Esses negócios sob o guarda-chuva de grandes estatais estão no plano de desestatização da equipe econômica e podem ser entregues ao setor privado sem aval do Congresso, graças a uma decisão do ano passado do Supremo Tribunal Federal (STF). Já a venda de uma empresa-mãe, como a Eletrobras, precisa passar pelo Legislativo.

Egresso do setor privado e um crítico da excessiva presença do Estado na economia, Mattar saiu com duras críticas à burocracia do setor público. Para ele, o ambicioso projeto de Guedes não avançou por falta de vontade política.
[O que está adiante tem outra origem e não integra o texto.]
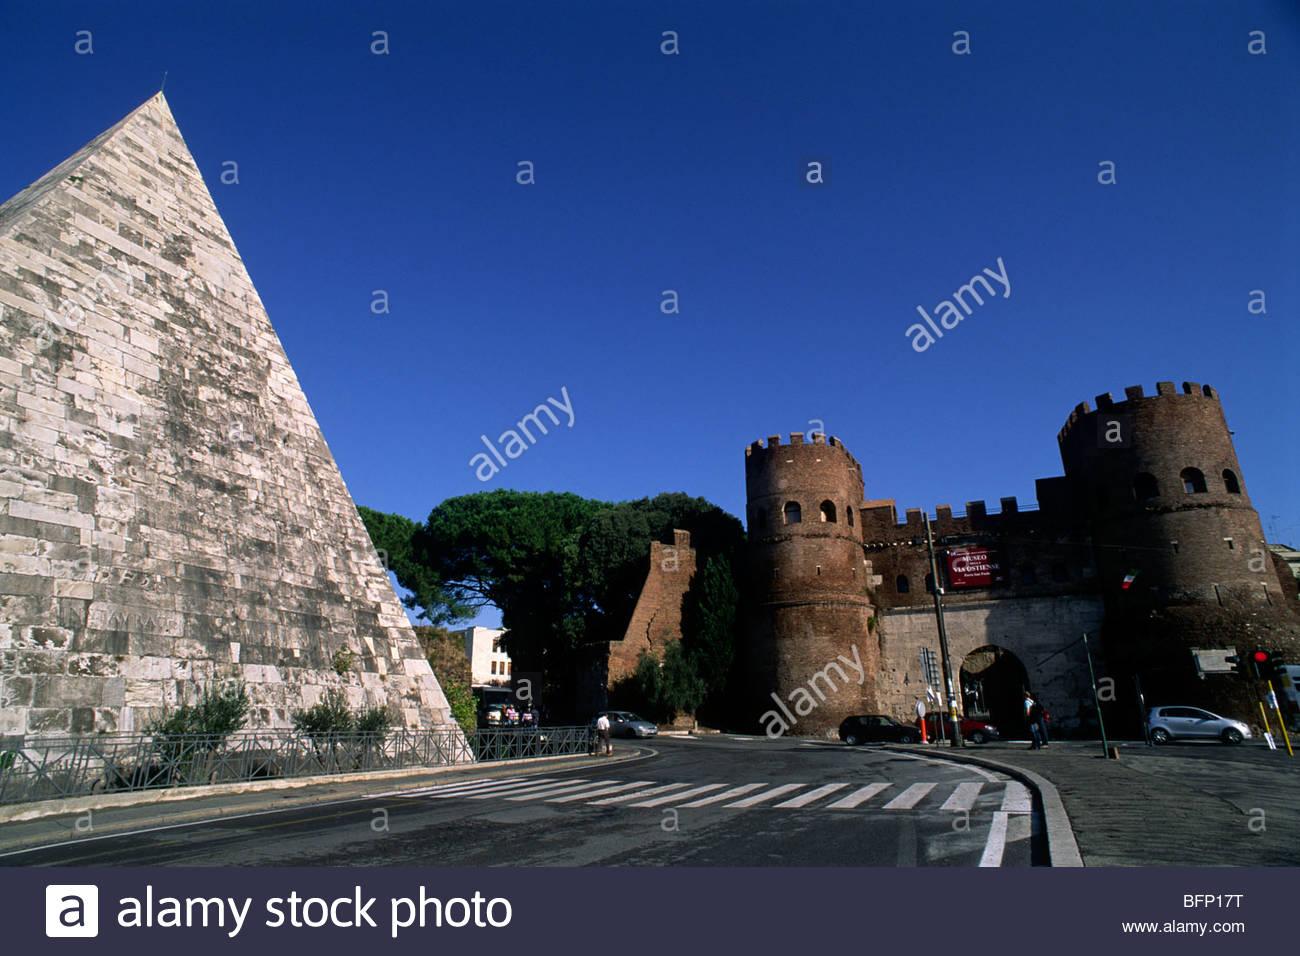 italy, rome, pyramid of caio cestio and porta san paolo Stock Photo
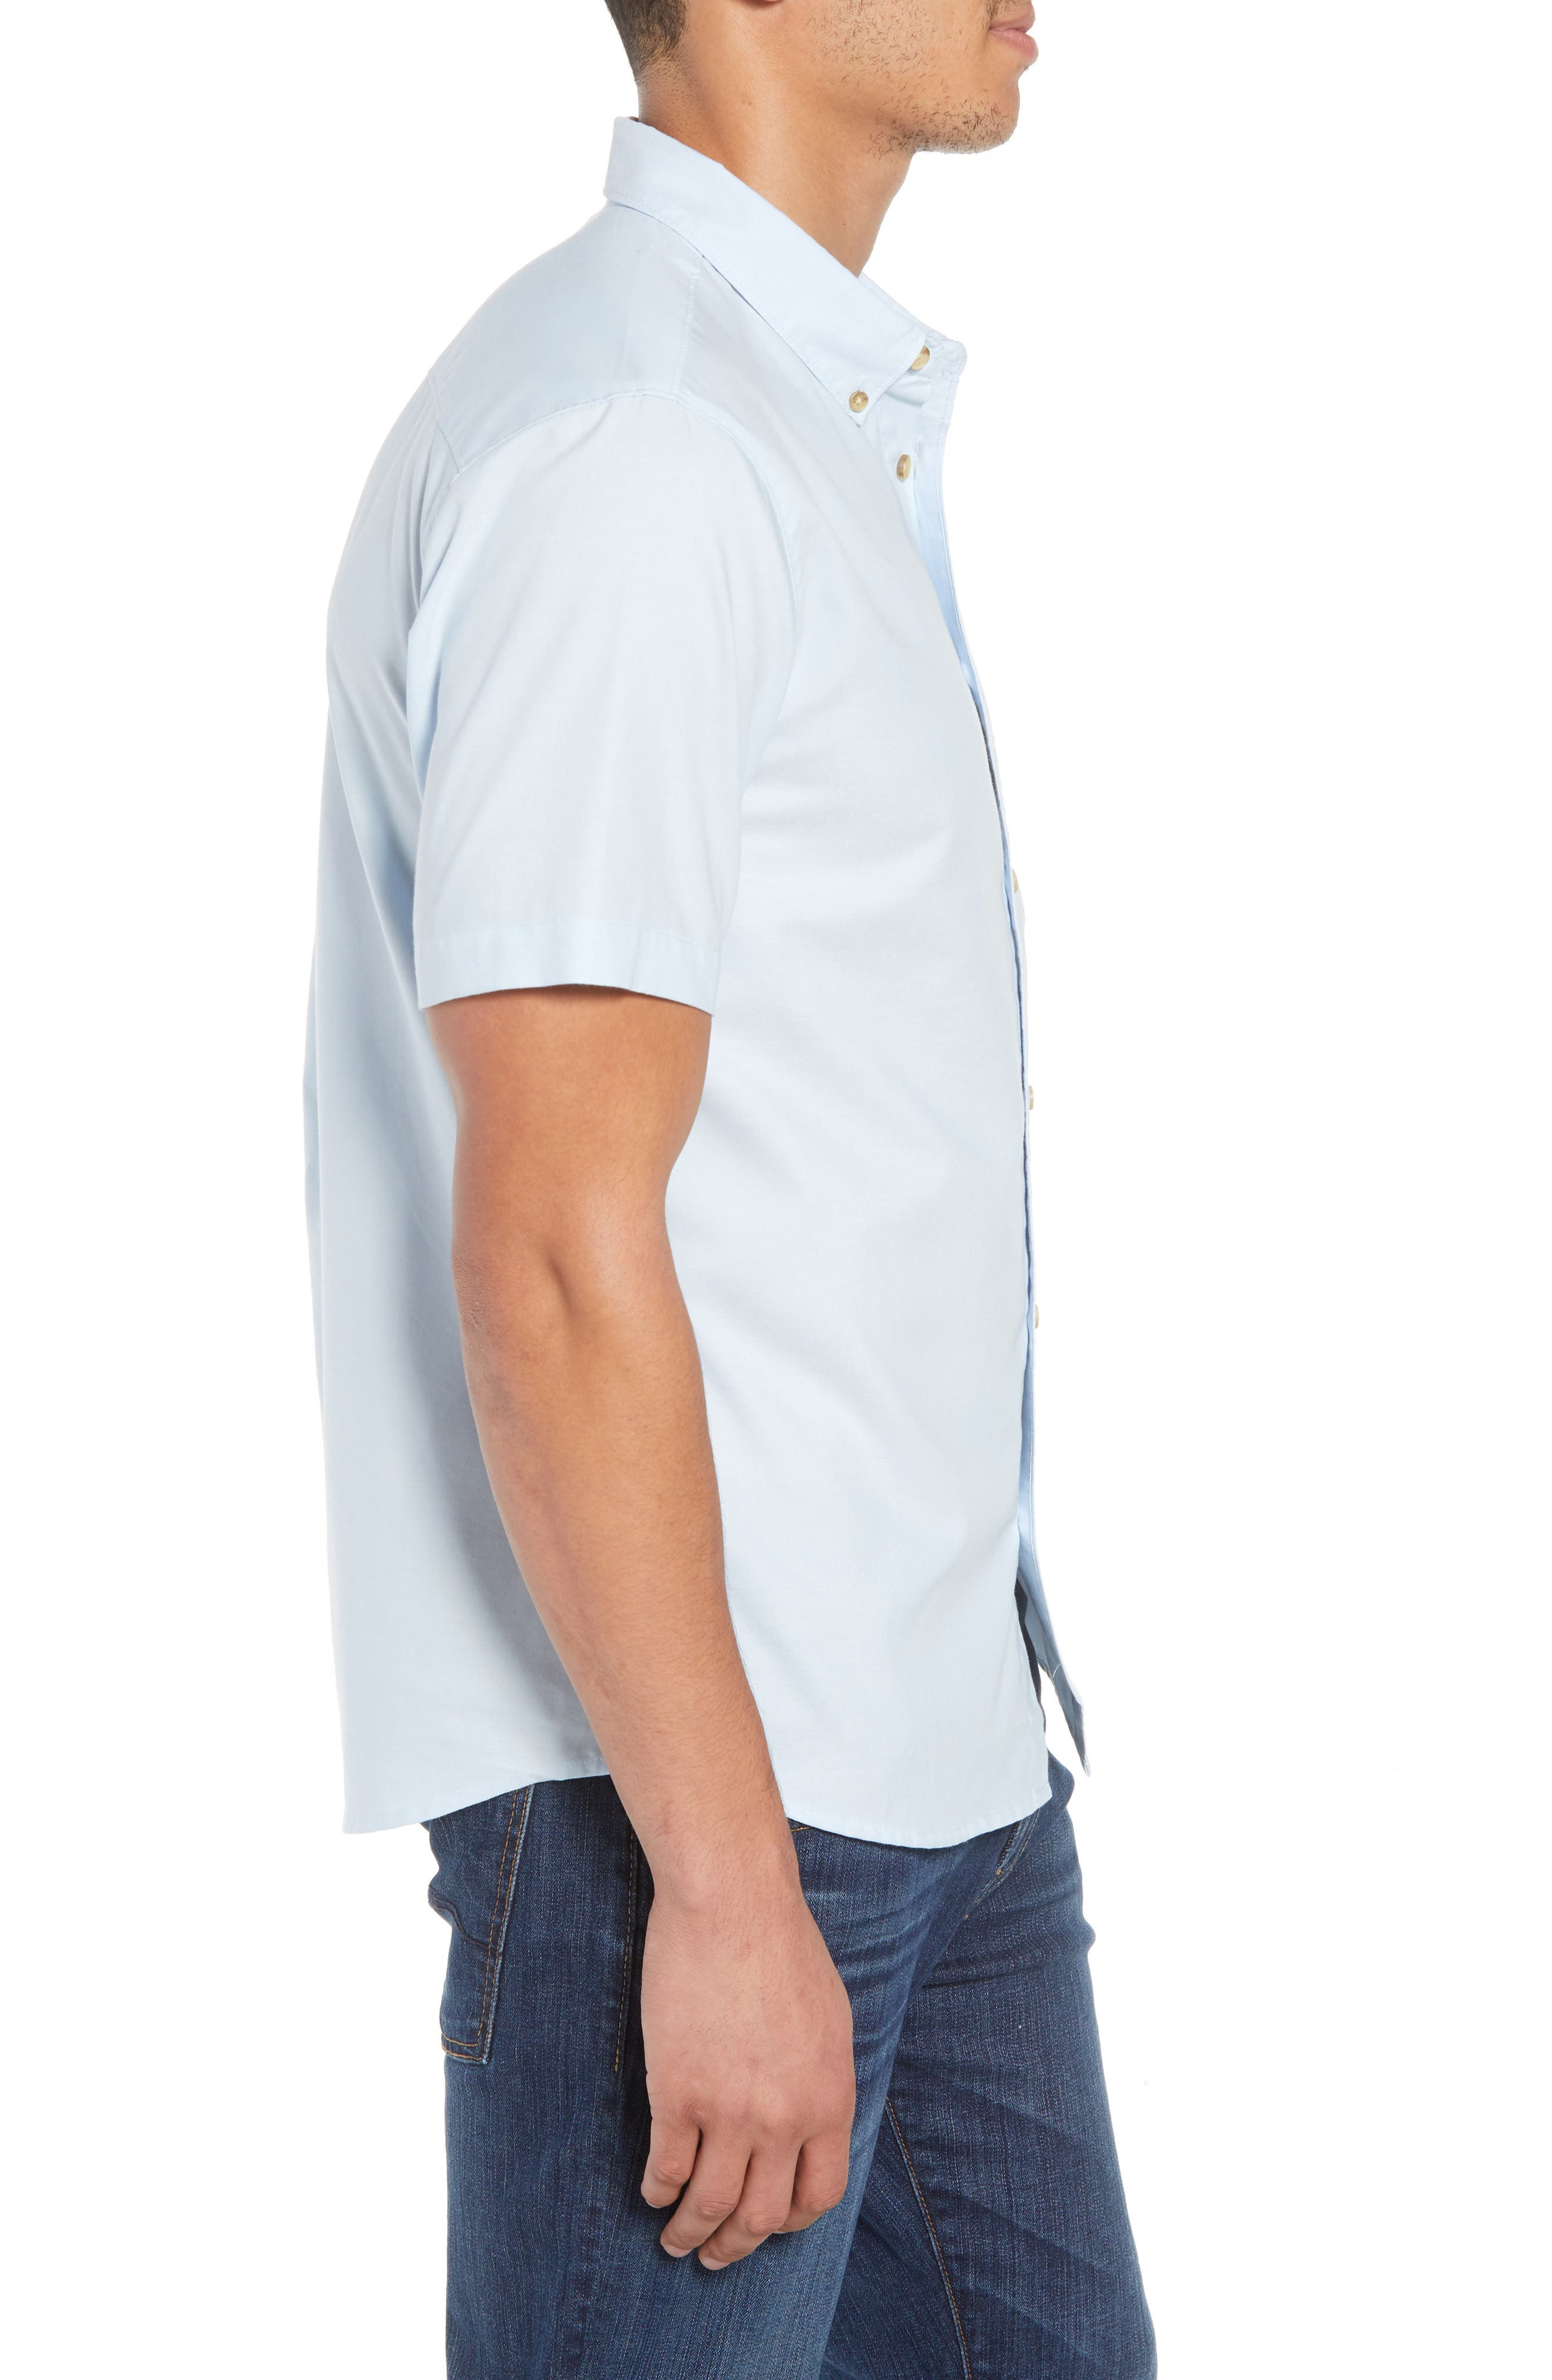 Banks Woven Shirt,                             Alternate thumbnail 3, color,                             LIGHT BLUE

O tamanho do universo de empresas estatais dá a dimensão das pressões. Hoje, essas empresas empregam mais de 476 mil funcionários, o que reforça a corrida de políticos por indicações e a resistência de corporações contra perda de prerrogativas.

O conjunto de companhias públicas inclui casos que se transformaram em anedotas nos debates sobre a redução do papel do Estado. É o caso da EPL — que nasceu para projetar o trem-bala brasileiro, projeto que jamais saiu do papel. Hoje, a empresa ainda tem 132 funcionários e depende de recursos da União para se manter no papel. No ano passado, os repasses foram de R$ 98 milhões.

Companhias dependentes

A Ceitec, ligada ao Ministério da Ciência e Tecnologia, também virou folclore ao ser apelidada de empresa do “chip do boi”. A fabricante de semicondutores, que ainda preserva 183 funcionários, está em processo de ser dissolvida, segundo o relatório mais recente do Programa de Parcerias e Investimentos (PPI).

Ambas as companhias fazem parte de um capítulo à parte na discussão sobre estatais no país: as empresas dependentes. Só no ano passado, o governo precisou desembolsar R$ 20 bilhões para mantê-las de pé. O grupo inclui desde casos emblemáticos de distorções do papel do Estado a organizações em pleno funcionamento, como a Embrapa.

Na avaliação do analista da Instituição Fiscal Independente (IFI) Josué Pellegrini, que acompanha o panorama das estatais, o debate sobre as empresas dependentes passa pela definição de que políticas públicas fazem sentido no país, já que, na prática, essas instituições atuam como órgãos do governo.

— A gente tem muito pouca avaliação de políticas públicas no Brasil. E isso vale para tudo, os benefícios tributários, os subsídios, política educacional e, como não poderia deixar de ser, essas empresas criadas para um determinado objetivo também não são avaliadas — afirma o especialista.

O governo planeja avançar no processo de privatizações, mas sabe que o processo será lento. Hoje, 15 empresas estão na lista de estudos para privatização, incluindo Correios e Eletrobras, que depende da negociação com o Congresso e deve ser vendida até o terceiro trimestre de 2021, segundo informou recentemente o presidente da companhia, Wilson Ferreira Júnior.

No mercado, há expectativa de que o processo acelere, mas os riscos estão calculados.

— Quem achar que não vai ter discussão jurídica sobre qualquer ativo, em qualquer época, quando ele tem uma exposição midiática, está sonhando — comenta Alberto Sogayar, sócio da área de infraestrutura do L.O. Baptista Advogados.